Functional Scenario (double hop)
State
• Server is running as described above, administrator logged in via remote desktop, AND administrator has successfully opened a document (via IE in remote desktop) that utilized the plug-in and successfully authenticated.
Action
• Any other standard user, from their laptop, in chrome or IE, attempts to open a document that will utilize the plugin
Result
• All users are able to be authenticated. Only after a document was opened on the server itself first.
Functional Scenario (single hop)
State
• Unlike in the above IIS server, this plug-in can also be utilized on a client side .net application which runs on a user’s local laptop.
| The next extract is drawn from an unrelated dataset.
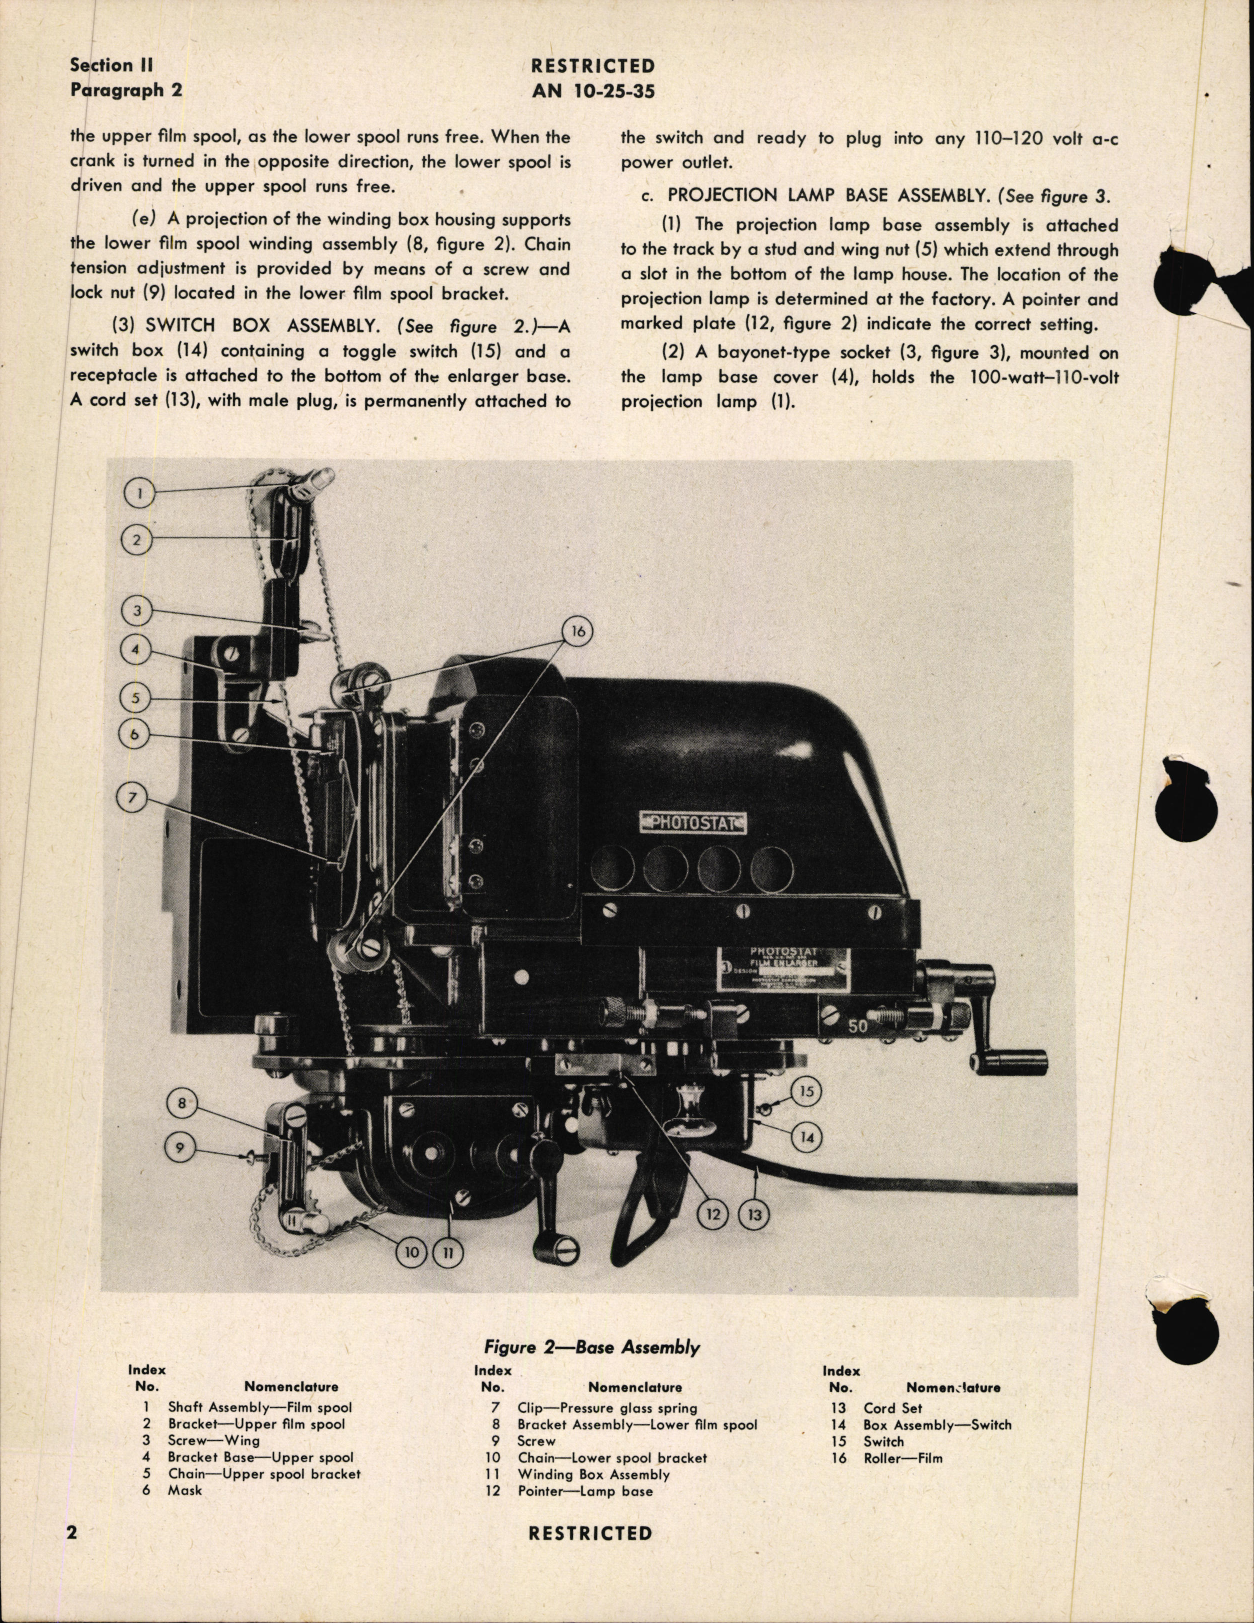 Sample page 6 from AirCorps Library document: Handbook of Instructions with Parts Catalog for Photostat Film Enlarger

The exact same DLL library is used by IIS as is sued by this desktop application (Spotfire analyst software).
Action
• Any user opens a documents on their laptop which uses the plug-in
Result
• In this scenario, the users laptop runs the plug-in, generates the authentication token, and sends it directly to the Zema server. The IIS server is not in the picture at all. This scenario always results in a successful authentication.
Thanks!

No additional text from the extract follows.